Dieser wird bis jetzt von einem Scythe Shuriken Rev.B drauf.
Im Idle hab ich ca. 30°C
In Prime95       ca. 76°C
In BF 3           ca. 73°C

Frischluft bekommt er genug, sind 2 x 120mm mit 1500 1/min in der fron und ein 80mm im heck.
ein paar Luft löcher werden noch gebohrt. aber daran liegts denk nicht.
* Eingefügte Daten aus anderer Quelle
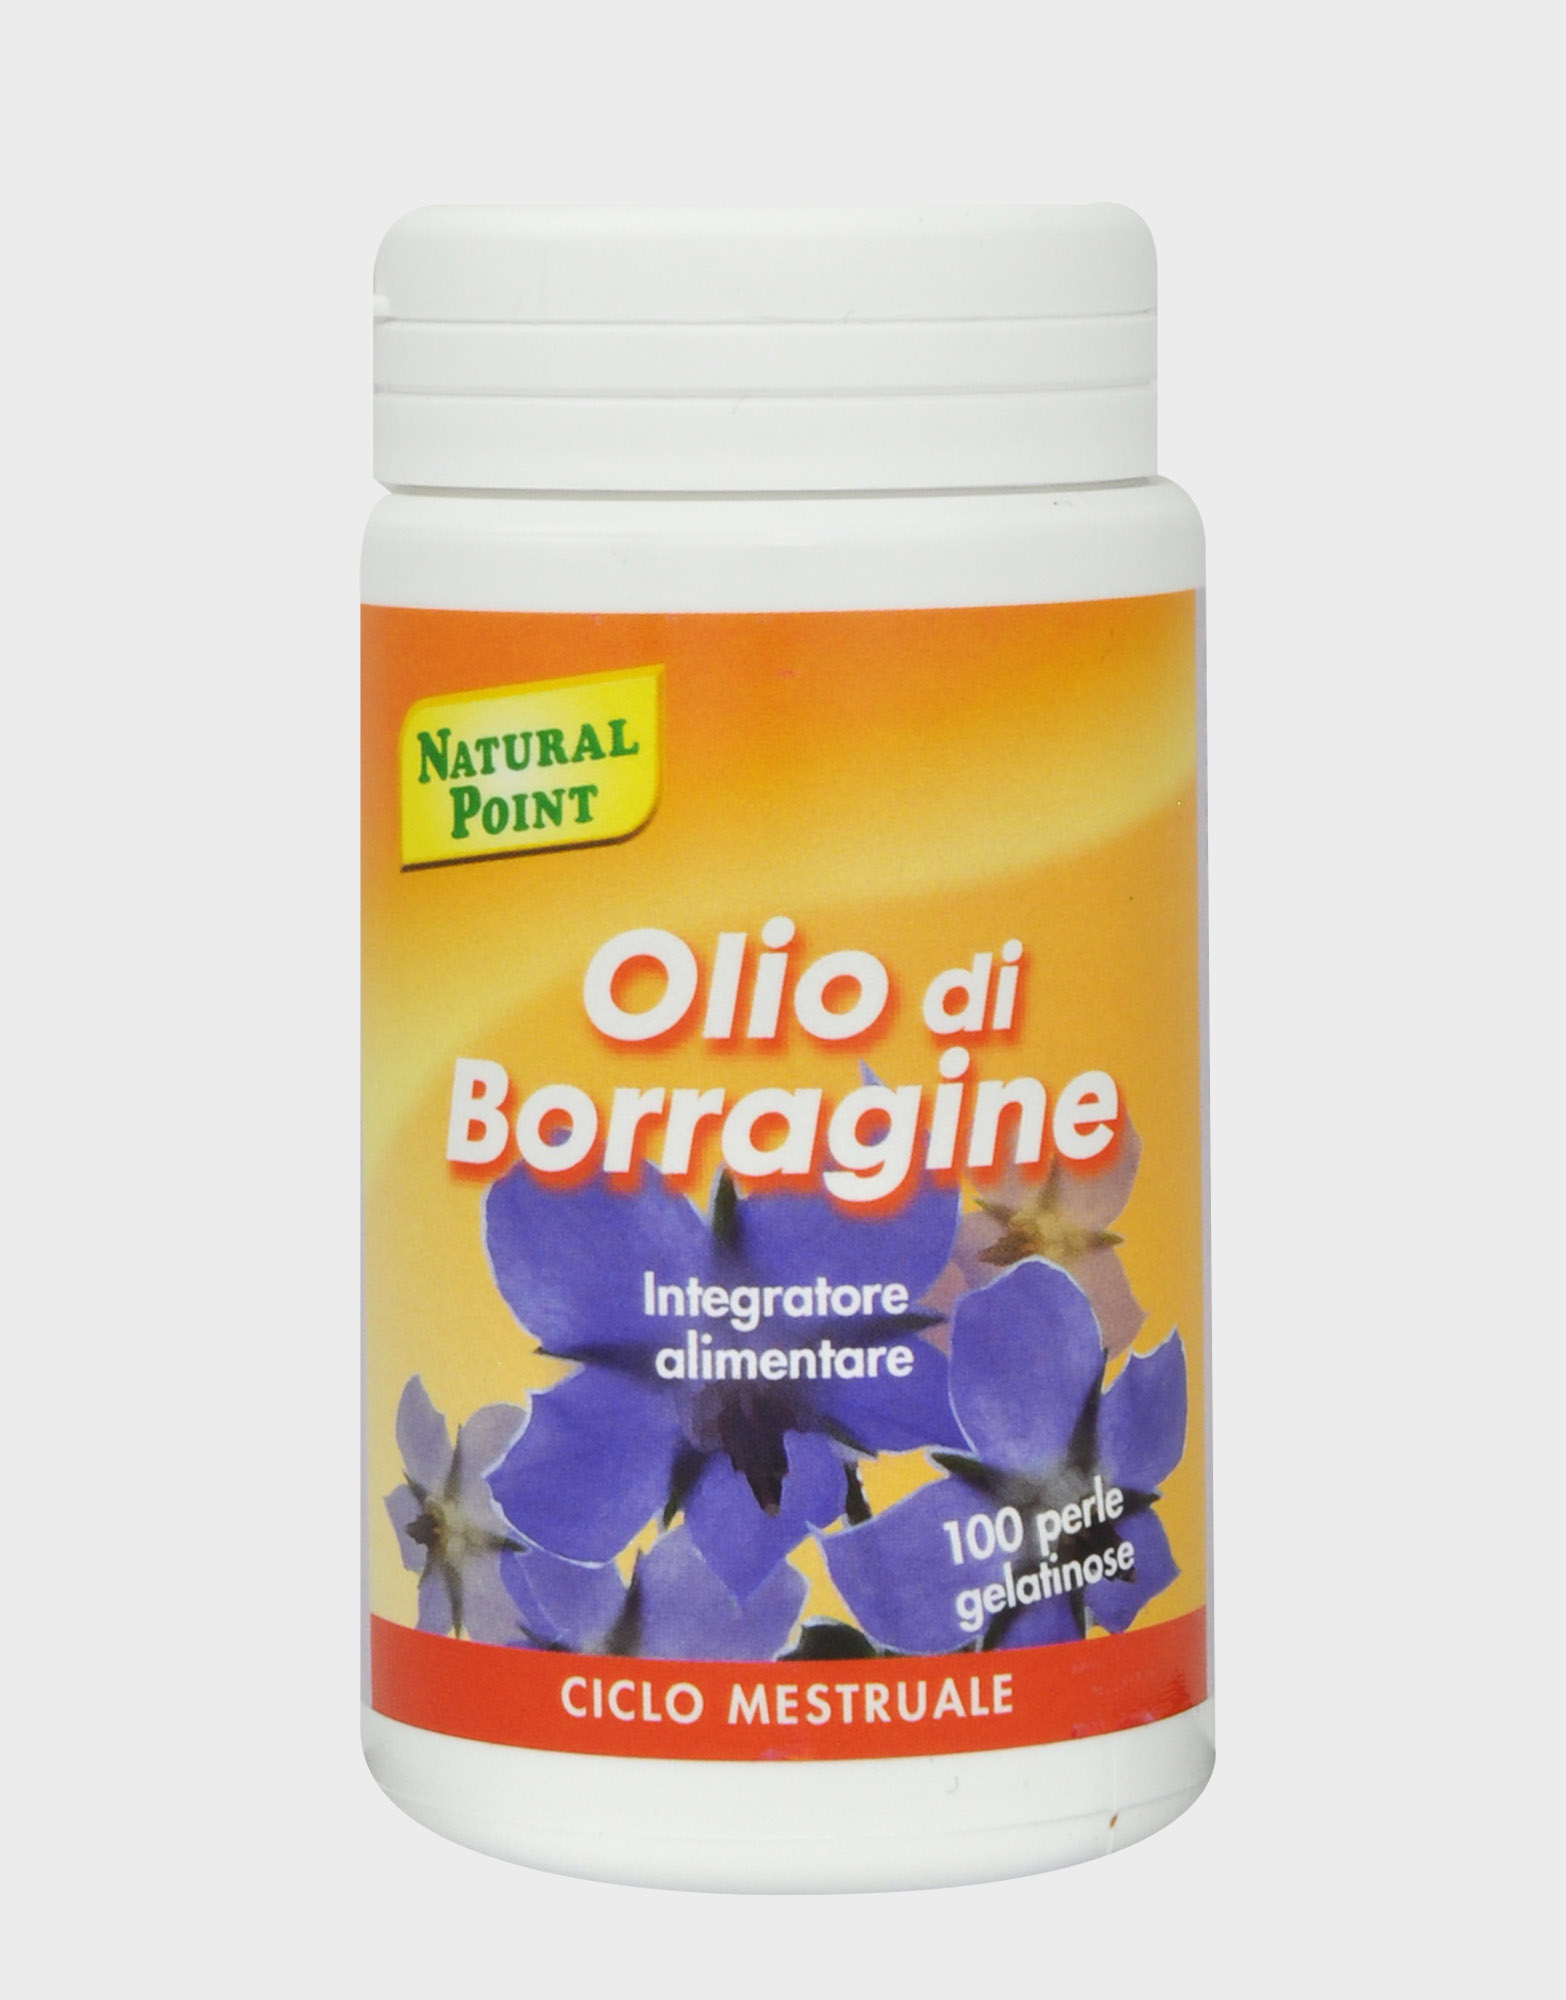 NATURAL POINT olio di borragine efficace nei disturbi legati al ciclo mestruale e per ridurre il colesterolo 50 perle
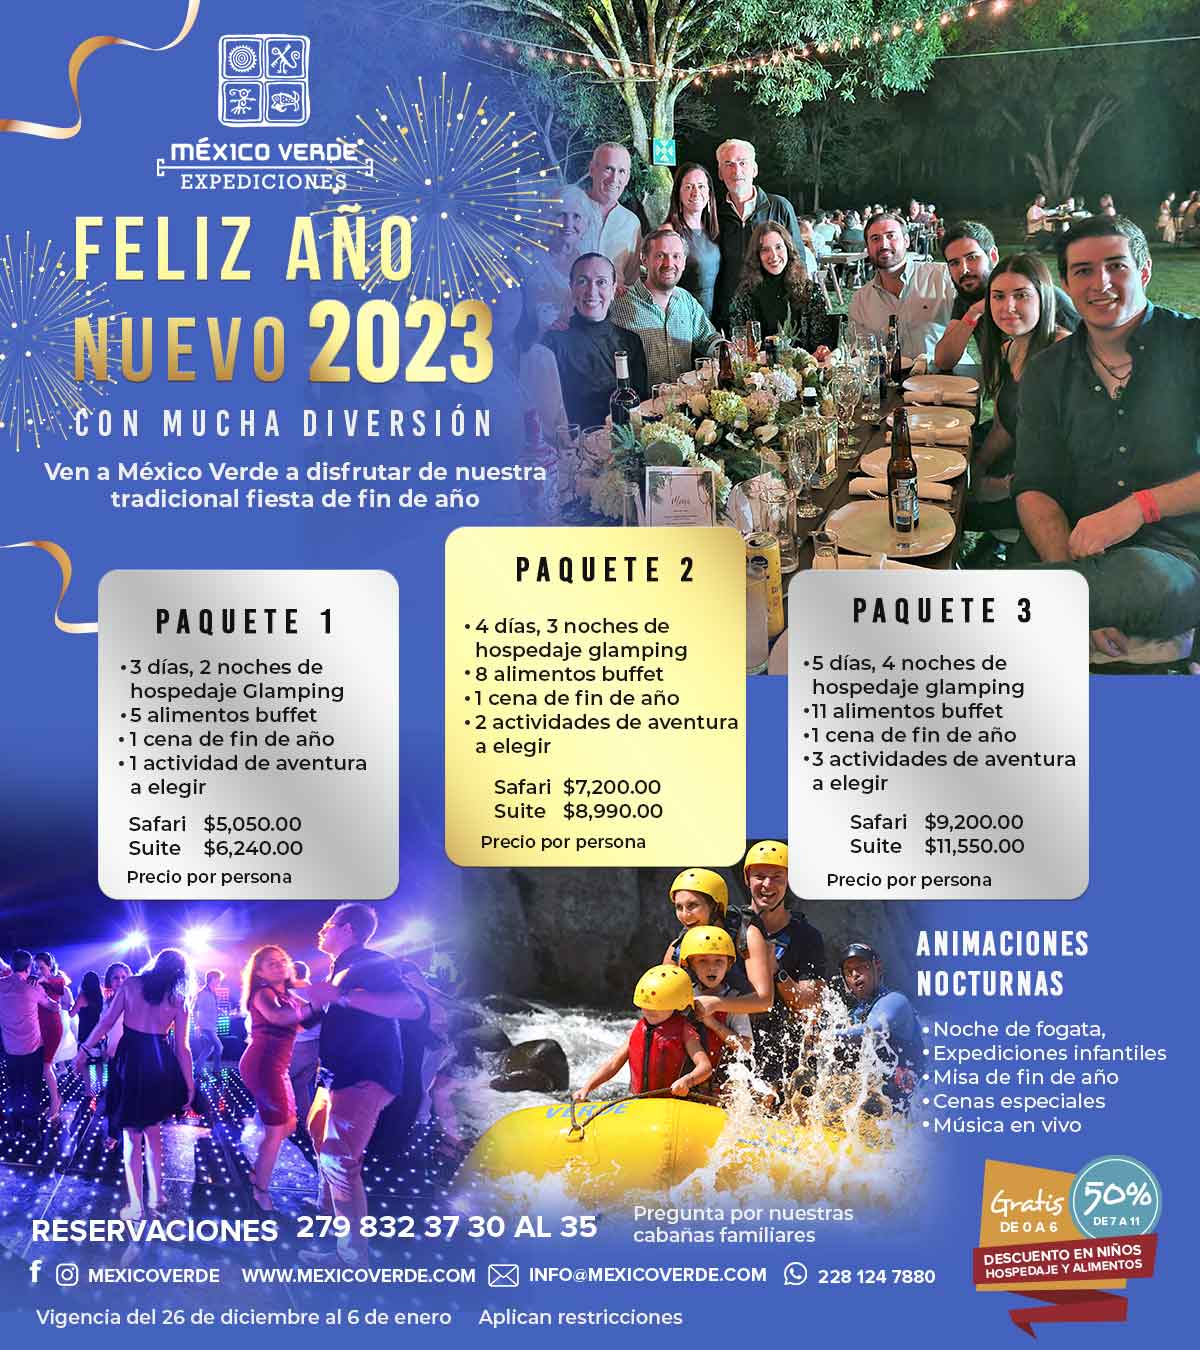 ¡Feliz año nuevo 2023! - Expediciones México Verde

Meine frage, dass muss doch besser gehen.
Hab in der höhe maximal 10,5 cm.
danke für antworten.


----------



## Jackey555 (10. Oktober 2011)

*AW: i7-2600K Kühler*

Hast du die CPU übertaktet? Falls du noch gar keine Hand angelegt hast empfehle ich dir die CPU zu undervolten. Die neuen I7 haben ordentlich Spielraum nach unten und die CPU wird deutlich kühler. Der Big Shuriken ist für die Bauart eigentlich relativ potent.


----------



## Dr Bakterius (10. Oktober 2011)

*AW: i7-2600K Kühler*

Vielleicht diesen Kühler mit einem kräftigerem Lüfter?


----------



## Jackey555 (10. Oktober 2011)

*AW: i7-2600K Kühler*

Ich denke der hat schon diesen Kühler verbaut. Wenn du wirklich eine Hohe Kühlleistung willst empfiehlt sich in deinem Fall evtl eine Kompaktwasserkühlung wie z.B. die H60. Platz für 120mm Lüfter (und Radi) hast du ja.


----------



## Dr Bakterius (10. Oktober 2011)

*AW: i7-2600K Kühler*



Jackey555 schrieb:


> Ich denke der hat schon diesen Kühler verbaut. Wenn du wirklich eine Hohe Kühlleistung willst empfiehlt sich in deinem Fall evtl eine Kompaktwasserkühlung wie z.B. die H60. Platz für 120mm Lüfter (und Radi) hast du ja.


Er hat den Shuriken mit 100mm Lüfter, dieser bietet 120mm Modellen Platz. Für seinen Kühler gibt es keine potentere Lüfter als das was eh schon drauf ist. Notfalls im Bios mal die Lüftersteuerung anpassen.


----------



## C4Alive (10. Oktober 2011)

*AW: i7-2600K Kühler*

ach das is doch *******. 
beim gaming 73°C is einfach zu viel.

was haltet ihr vom Prolimatech _Samuel 17?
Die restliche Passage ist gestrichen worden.